= Work instructions =
Your answer must be an exact copy of the listing, with the images left out.

= The data =
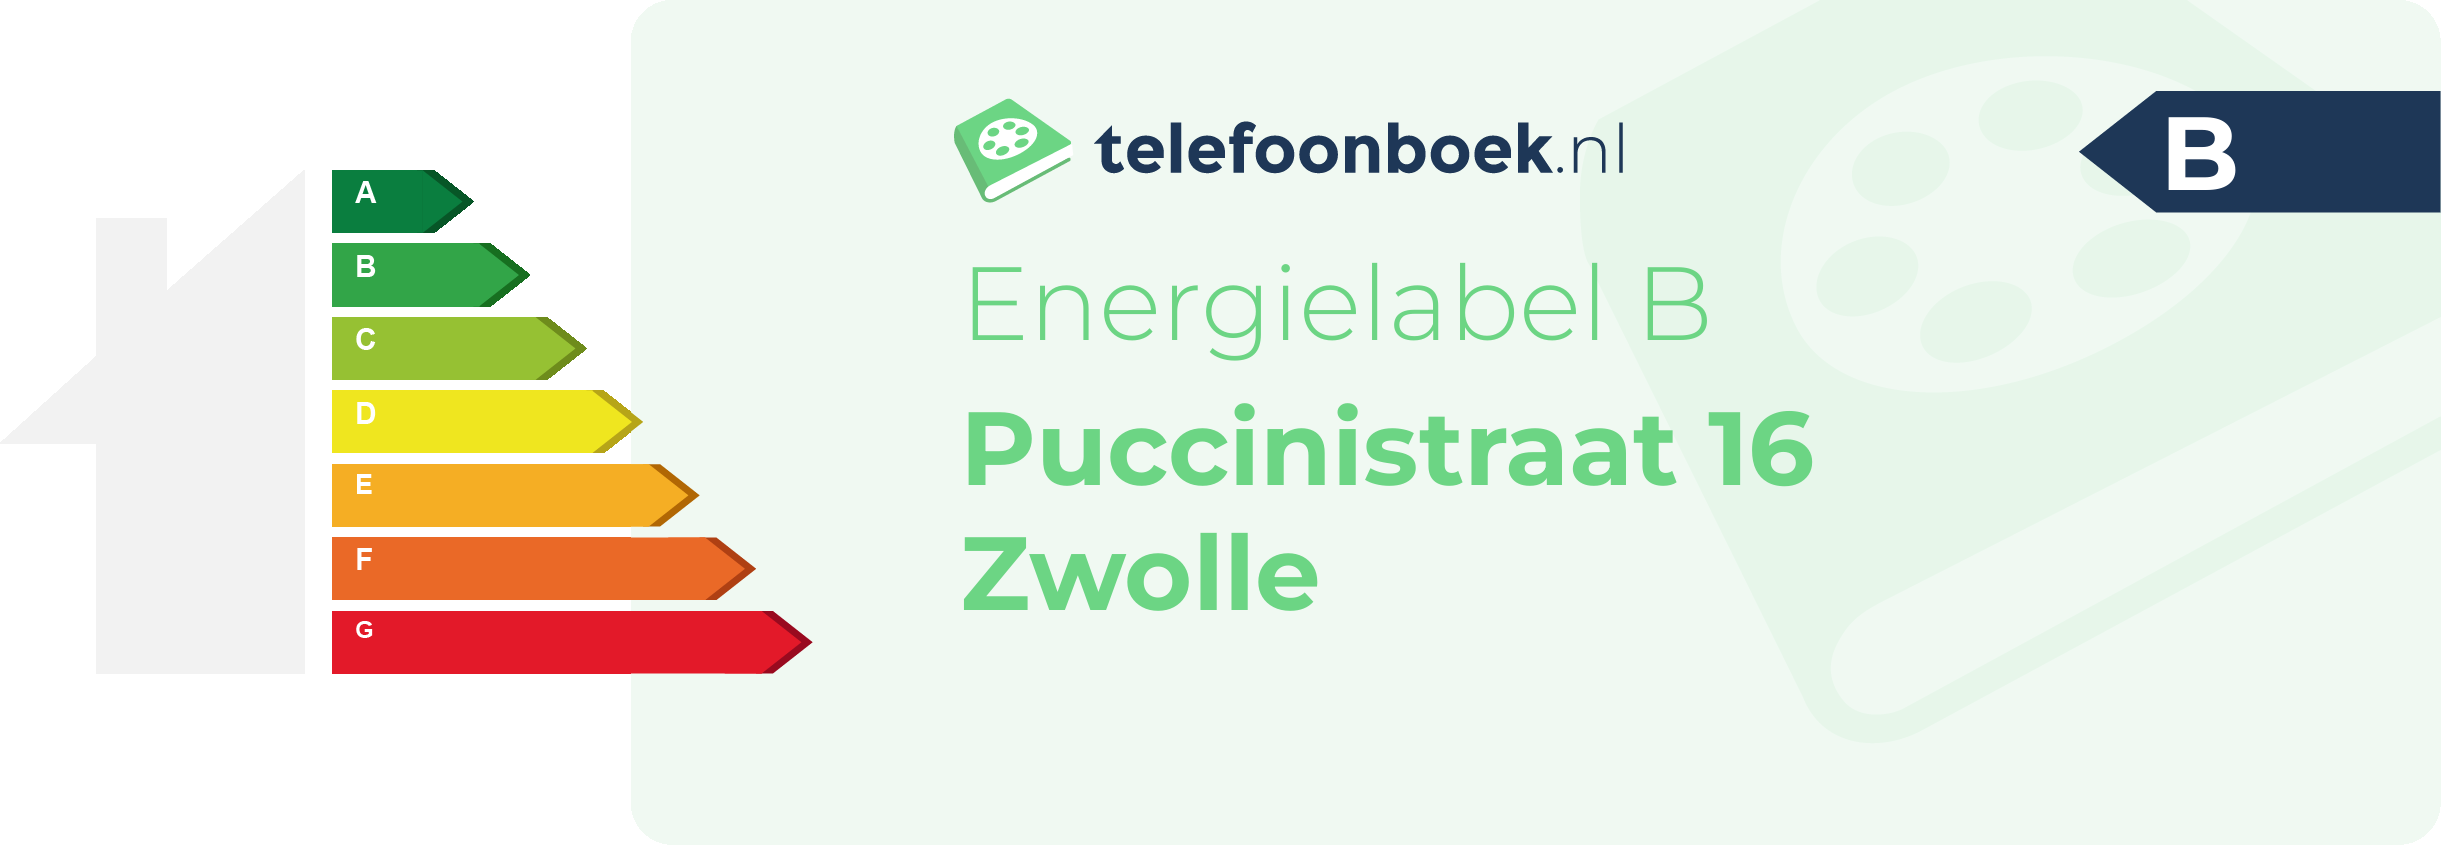 Energielabel Puccinistraat 16 Zwolle
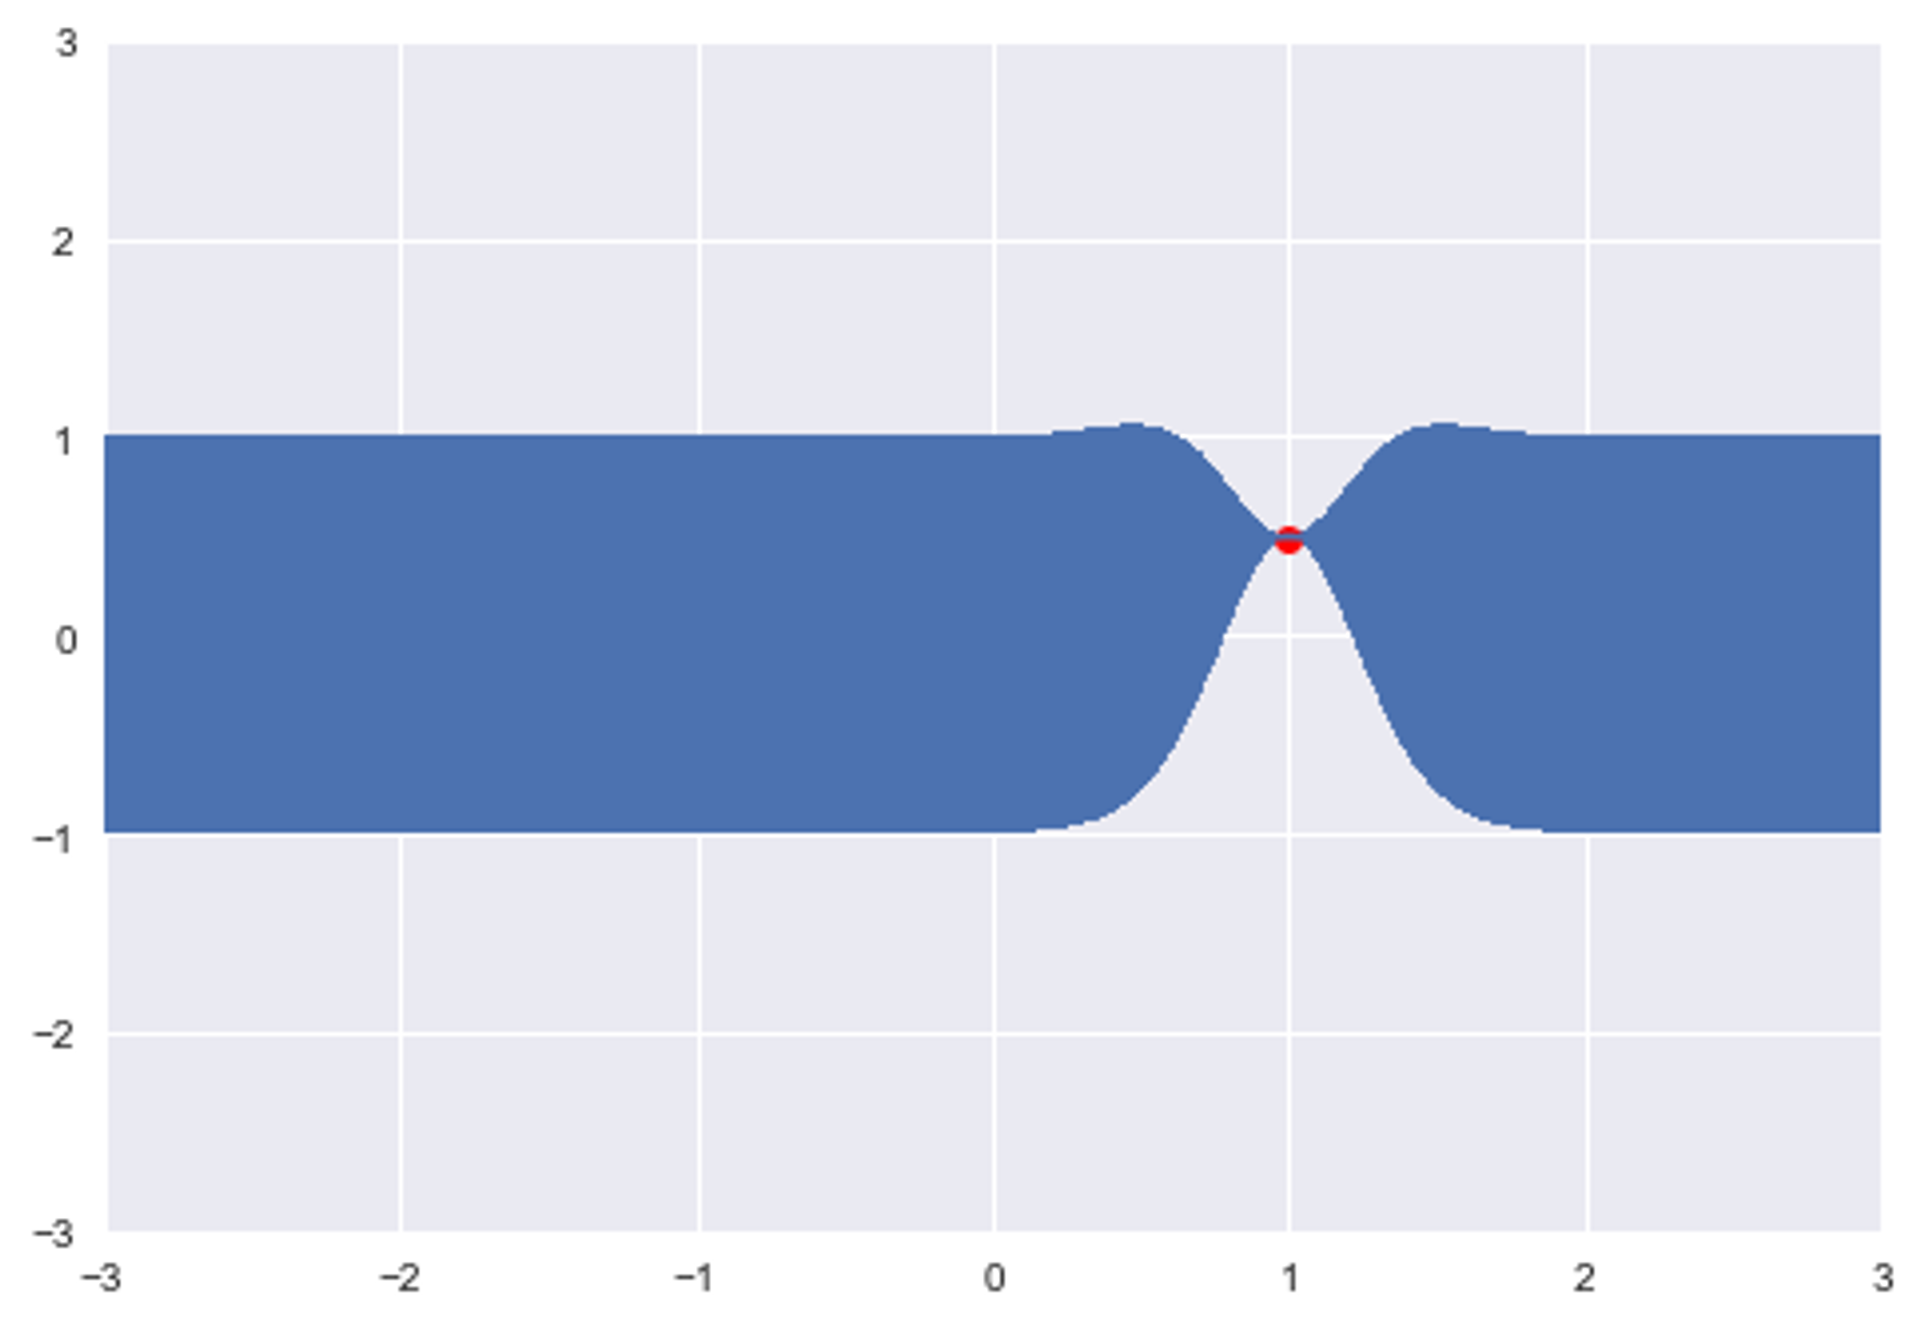 Output of Fitting Gaussian Process Models in Python
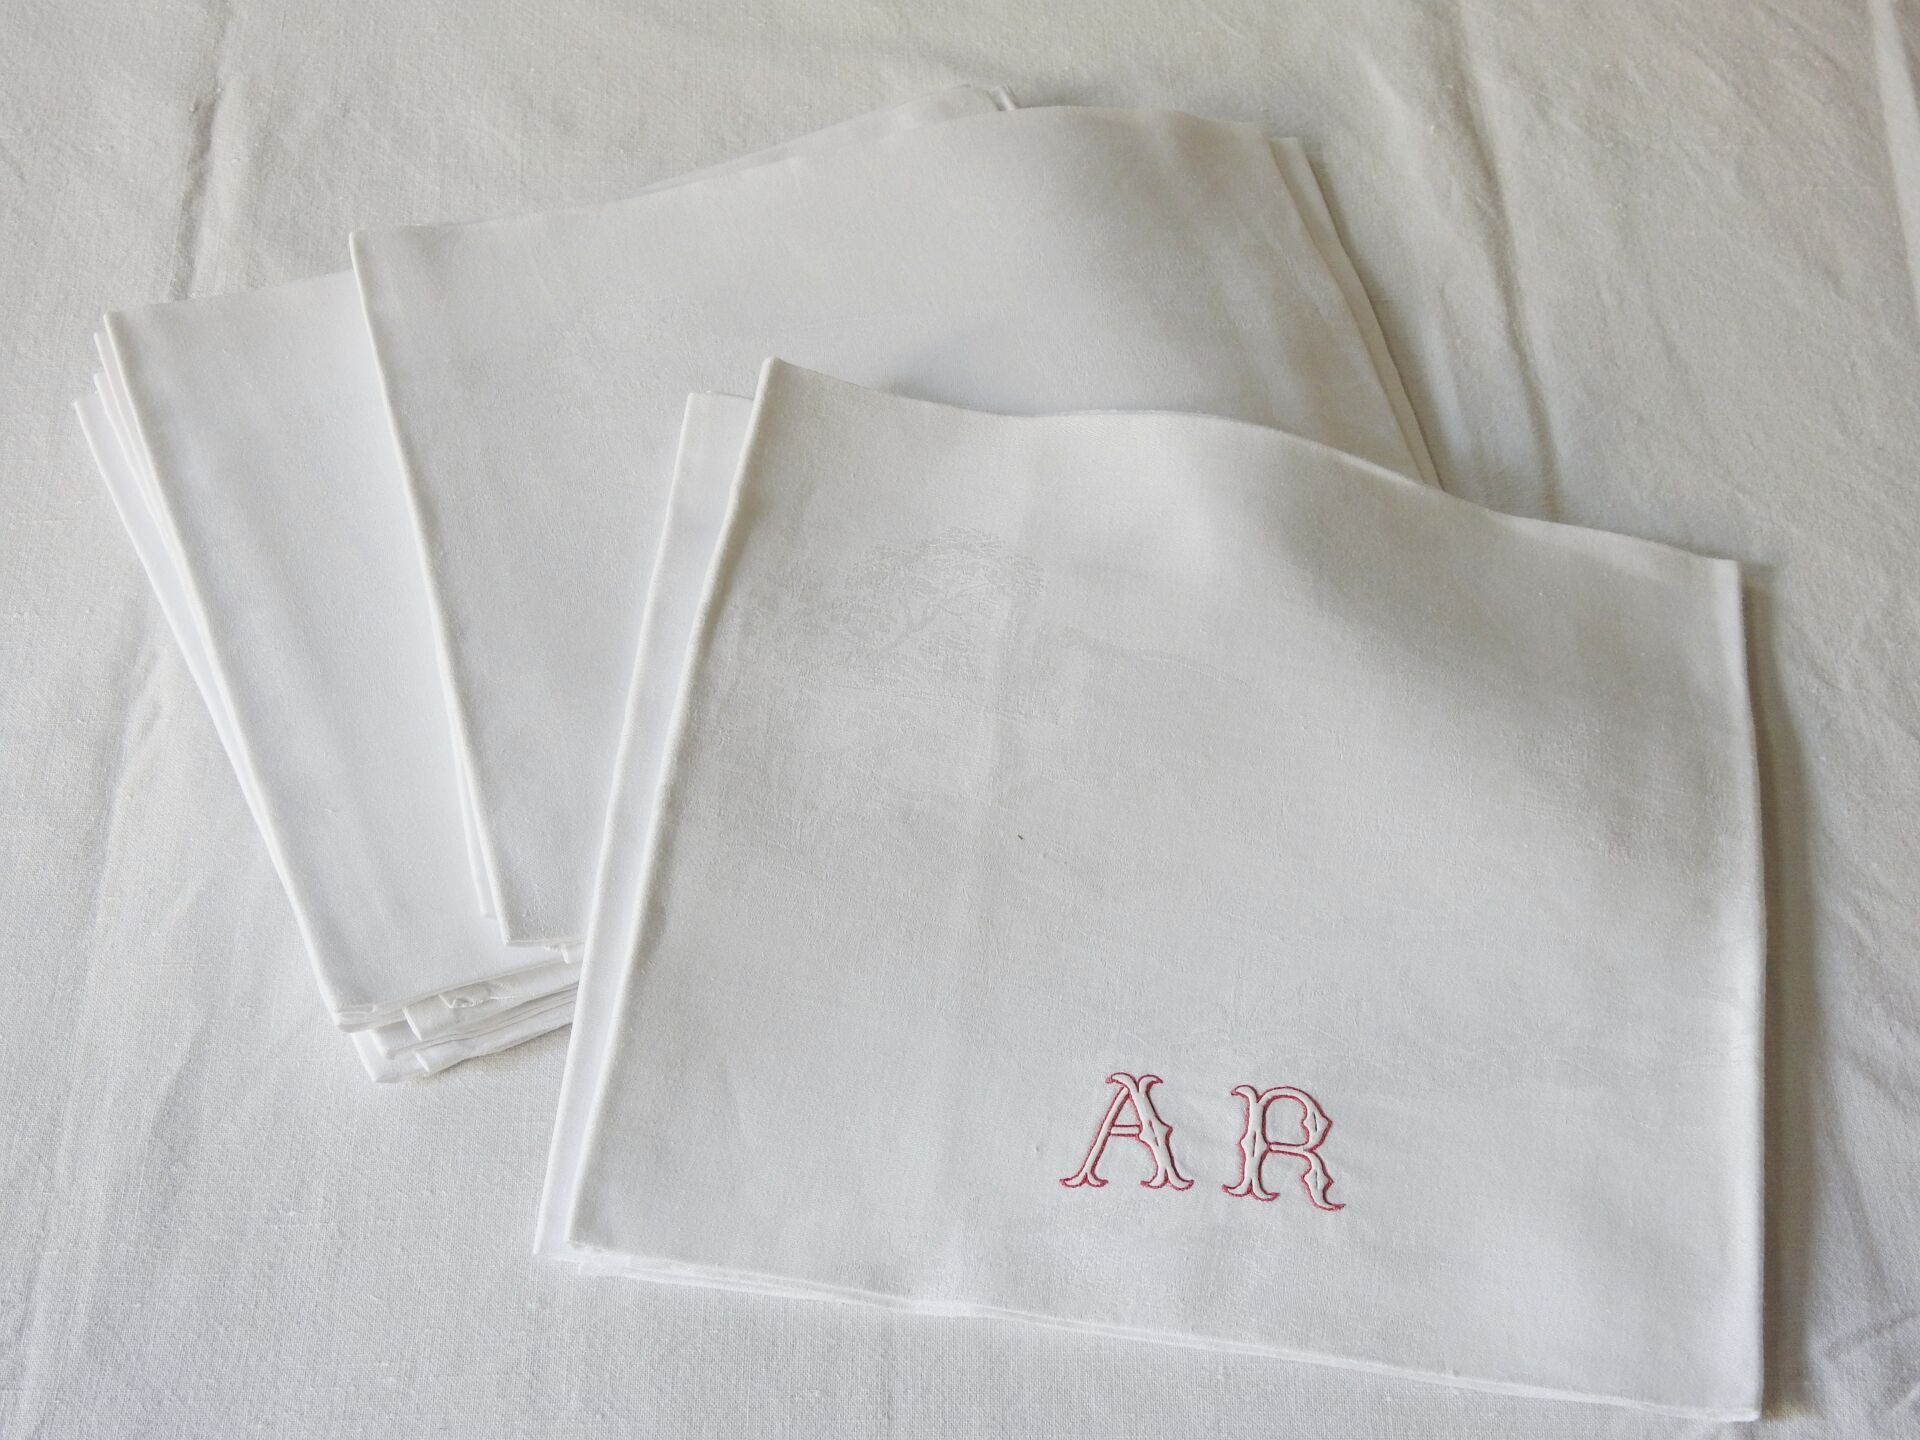 Null Twelve Large Napkins with hunting decor and A.R. In red and white.

= Result for this task =
 Energielabel Puccinistraat 16 Zwolle
 Output of Fitting Gaussian Process Models in Python
 Null Twelve Large Napkins with hunting decor and A.R. In red and white.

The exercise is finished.